The U.S. Supreme Court has been an issue in presidential elections throughout most of its history, although perhaps never quite like this year’s election.
In the past, both political parties have tried, often with little success, to make the court or certain decisions a major campaign issue in the eyes of the public. But unless there is a decision that triggers public passions, for example, a Bush v. Gore ruling, the court is likely to fall to the side as an election issue, victim of more pressing voter concerns, such as the economy or health insurance.
William Ross of Samford University Cumberland School of Law has studied and written about the court as an election issue for a number of years, In one of his early law review articles on the subject, he wrote:
“The President’s power to nominate federal judges has emerged as at least a moderately important issue during the past several presidential campaigns, and judicial issues were more prominent in the 2000 campaign than in any election since 1968.”
Ross attributed the trend to the “growing salience of the courts in presidential elections reflects increasing public awareness of the power of federal judges, particularly the Supreme Court Justices, and heightened appreciation of the President's ability to influence the courts through judicial nominations.”
In a 2016 interview with The National Law Journal, Ross said the Trump-Clinton presidential contest was accelerating the trend of making the court an election issue. Then-candidate Donald Trump, as he did this year, released a list of potential Supreme Court nominees from which he would pick if elected and a vacancy arose. That was a “first” by a presidential candidate. Trump and Hillary Clinton also focused less on judicial philosophies and more on specific decisions that they wanted to see overturned, a bolder indication than in the past that a potential nominee would face a litmus test for a high court seat.

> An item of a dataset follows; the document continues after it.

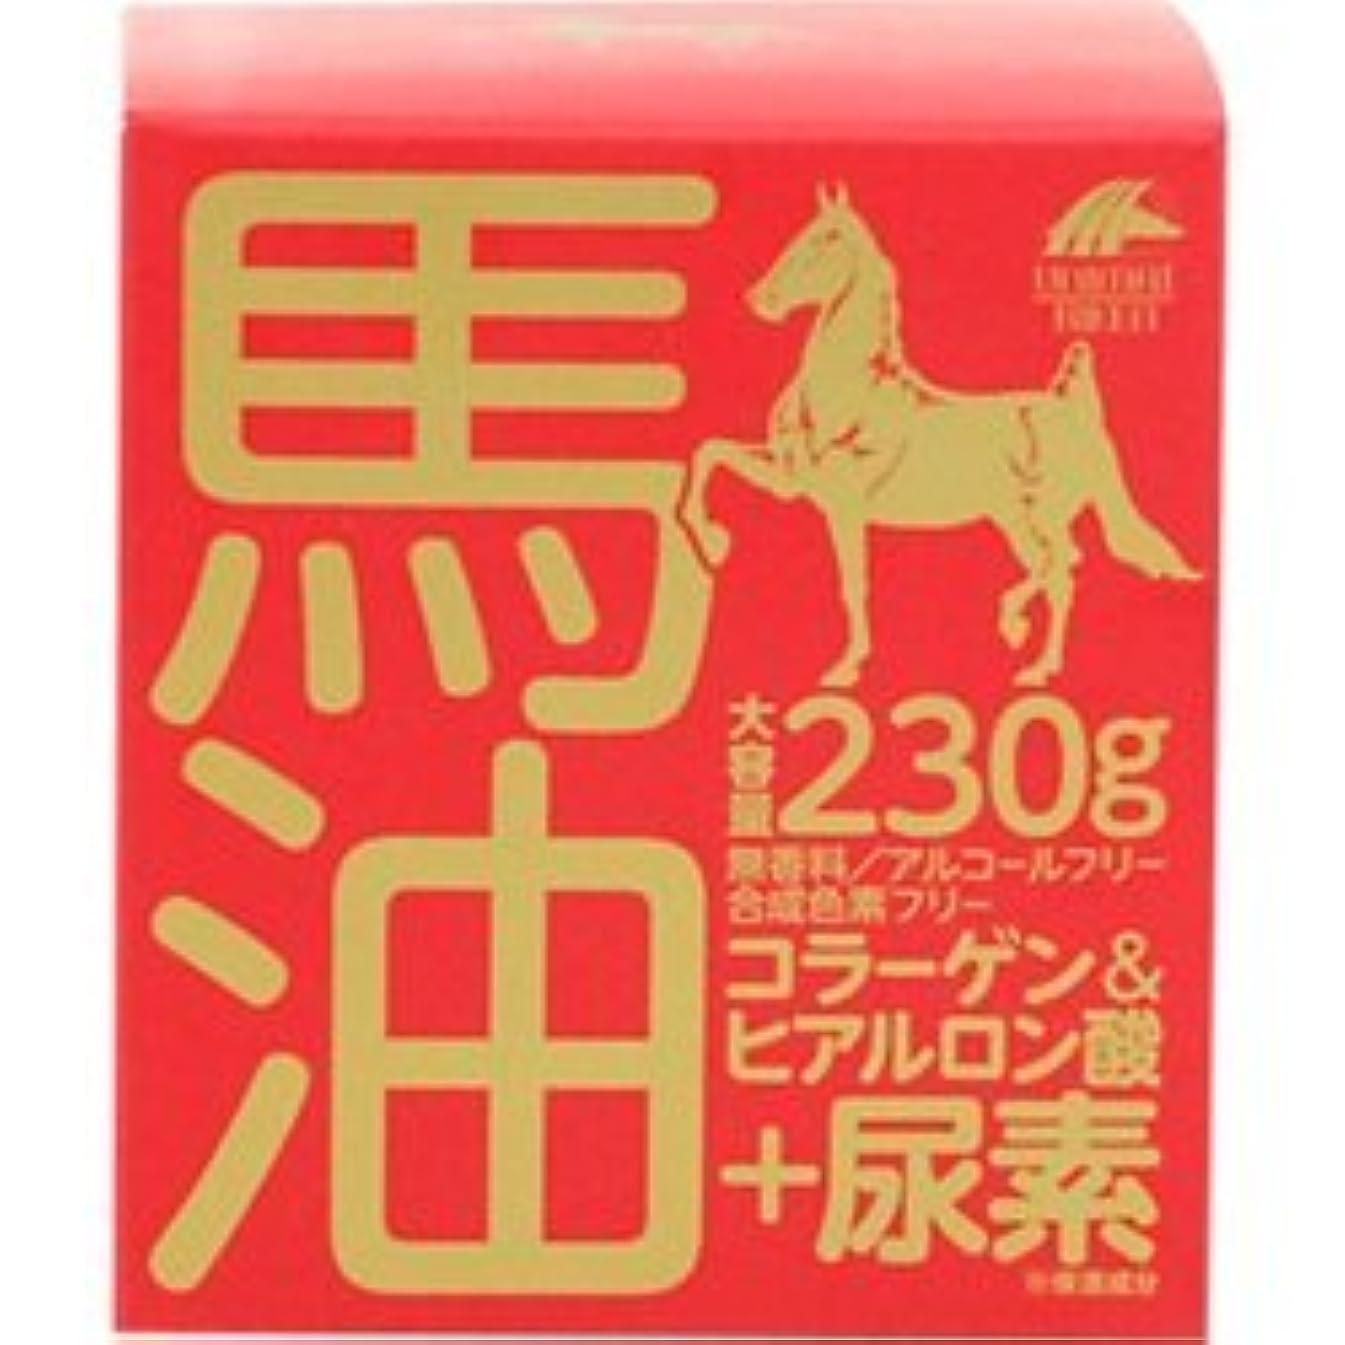 建てる櫛ウェイター【ユニマットリケン】馬油クリーム+尿素 230g ×20個セット

The Democratic Party platform that election year called for the overturning of Citizens United v. Federal Election Commission, the 5-4 decision eliminating federal limits on corporate and union campaign expenditures. The Republican Party platform called for Supreme Court nominees who would overturn the landmark abortion decision, Roe v. Wade; the 2015 same-sex marriage ruling, Obergefell v. Hodges, and the two decisions upholding the Affordable Care Act, NFIB v. Sebelius (2012) and King v. Burwell (2015).
This year, the Democratic platform states it will fight to pass a constitutional amendment that will not only overturn Citizens United and related decisions but will eliminate all private financing from federal elections. The Republican platform is unchanged.
Some of the justices’ decisions that have figured in past presidential elections include: Dred Scott v. Sandford, holding that slaves were not citizens (1860 election); Engel v. Vitale, striking down school-sponsored prayer in public schools, Baker v. Carr, and Reynolds v. Sims, reapportionment, and Brown v. Board of Education, ending segregated public schools (1964 election); Miranda v. Arizona, police warnings to suspects in custody (1968 election, and Roe v. Wade (1980 election).
In 2020, the confluence of a presidential election, a pandemic and a push to confirm a Supreme Court nominee in one of the shortest periods of time in modern history has created a perfect storm for the Supreme Court. Last term, the justices worked hard to avoid being pulled into the political arena by a series of politically charged cases involving challenges to subpoenas for Trump's financial documents, Trump administration plans to end delayed deportation for so-called dreamers, abortion clinic restrictions, and job discrimination against LGBT workers.
The justices largely succeeded in that effort by forming cross-ideological majorities. But with the Sept. 18 death of Justice Ruth Bader Ginsburg, the court inevitably would be drawn into the political crossfire.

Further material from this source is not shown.